Question

A gas occupies 11.2 liters at 0.860 atm. What is the pressure if the volume becomes 15.0 L? (Boyle)

Answer 1

Given:

Initial Volume $\sf (V_1)$ = 11.2 L

Initial Pressure $\sf (P_1)$ = 0.860 atm

Final Volume $\sf (V_2)$ = 15.0 L

To Find:

Final Pressure $\sf (P_2)$

Concept/Theory:

$\bf{ \underline{Boyle's \: Law} \: (Pressure - Volume \: Relationship)}$

"At constant temperature, the pressure of a fixed amount of gas varies inversely with the volume of the gas."

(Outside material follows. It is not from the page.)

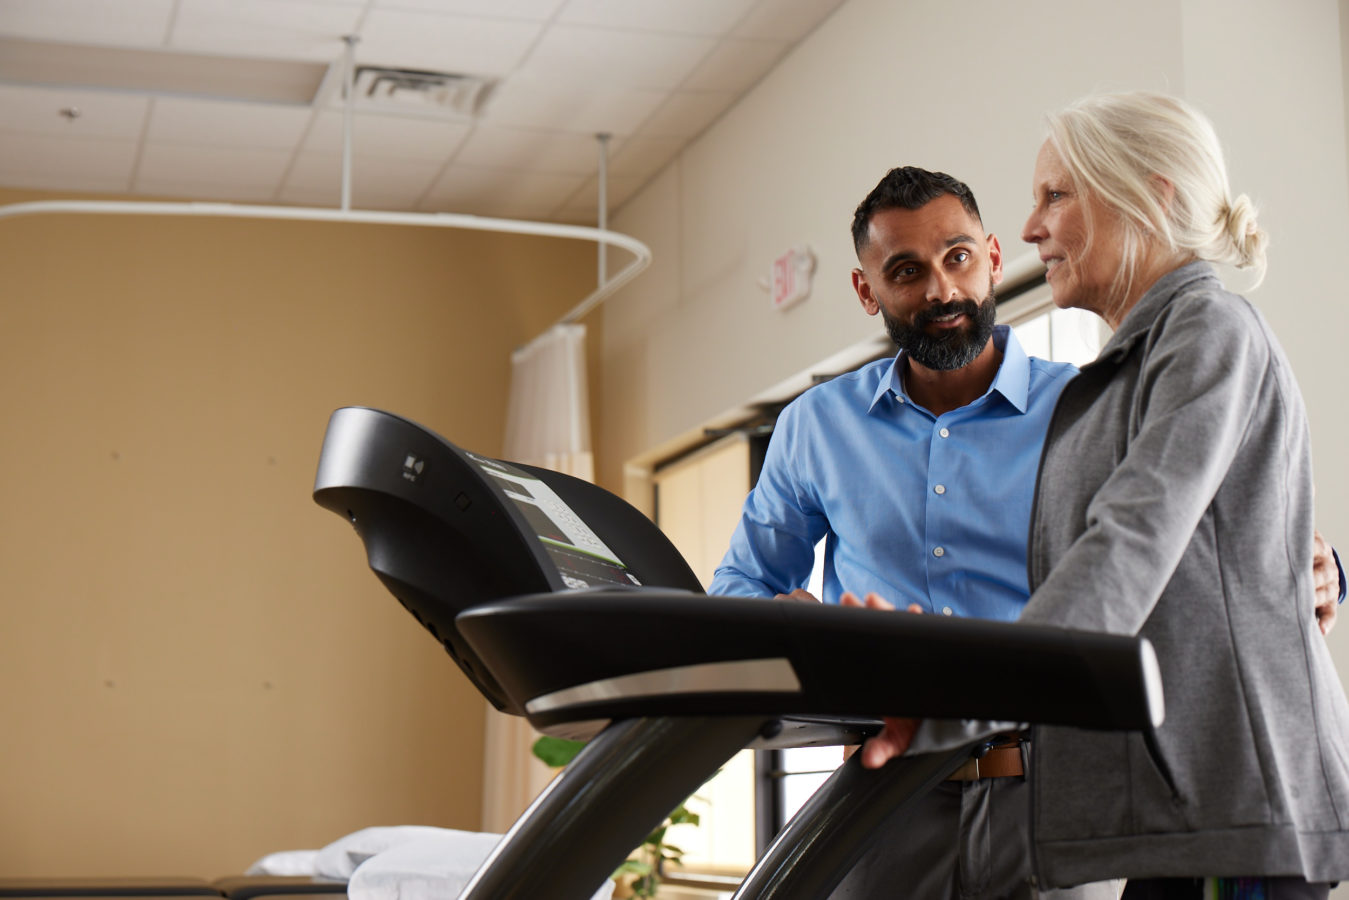 older woman walking on a treadmill with male physical therapist standing next to her

$\bf{P \propto \dfrac{1}{V} \: (at \: constant \: T \: and \: n)}$

It can be also stated as "At constant temperature, the product of pressure and volume of fixed amount of a gas remains constant."

$\bf{PV = Constant}$

If the initial pressure and volume of a fixed amount of gas at constant temperature are $\sf (P_1)$ & $\sf (V_1)$ and final pressure of the gas is $\sf (P_2)$ and volume occupied is $\sf (V_2)$, then according to Boyle's law;

$\bf{P_1V_1 = P_2V_2 = Constant}$

OR

$\bf{\dfrac{P_1}{P_2} = \dfrac{V_2}{V_1}}$

Answer:

By using Boyle's Law, we get:

$\rm \longrightarrow \dfrac{0.860}{P_2} = \dfrac{15.0}{11.2} \\ \\ \rm \longrightarrow P_2 = \dfrac{11.2}{15.0} \times 0.860 \\ \\ \rm \longrightarrow P_2 = \dfrac{9.632}{15.0} \\ \\ \rm \longrightarrow P_2 = 0.642 \: atm$

$\therefore$ Final Pressure $\sf (P_2)$ = 0.642 atm

Answer 2

Answer:

0.642 atm

Explanation:

The new pressure can be found by using the formula for Boyle's law which is

$P_1V_1 = P_2V_2$

Since we are finding the new pressure

$P_2 = \frac{P_1V_1}{V_2}$

From the question we have

$P_2 = \frac{11.2 \times 0.86}{15} = \frac{9.632}{15} \\ = 0.64213333...$

We have the final answer as

0.642 atm

Hope this helps you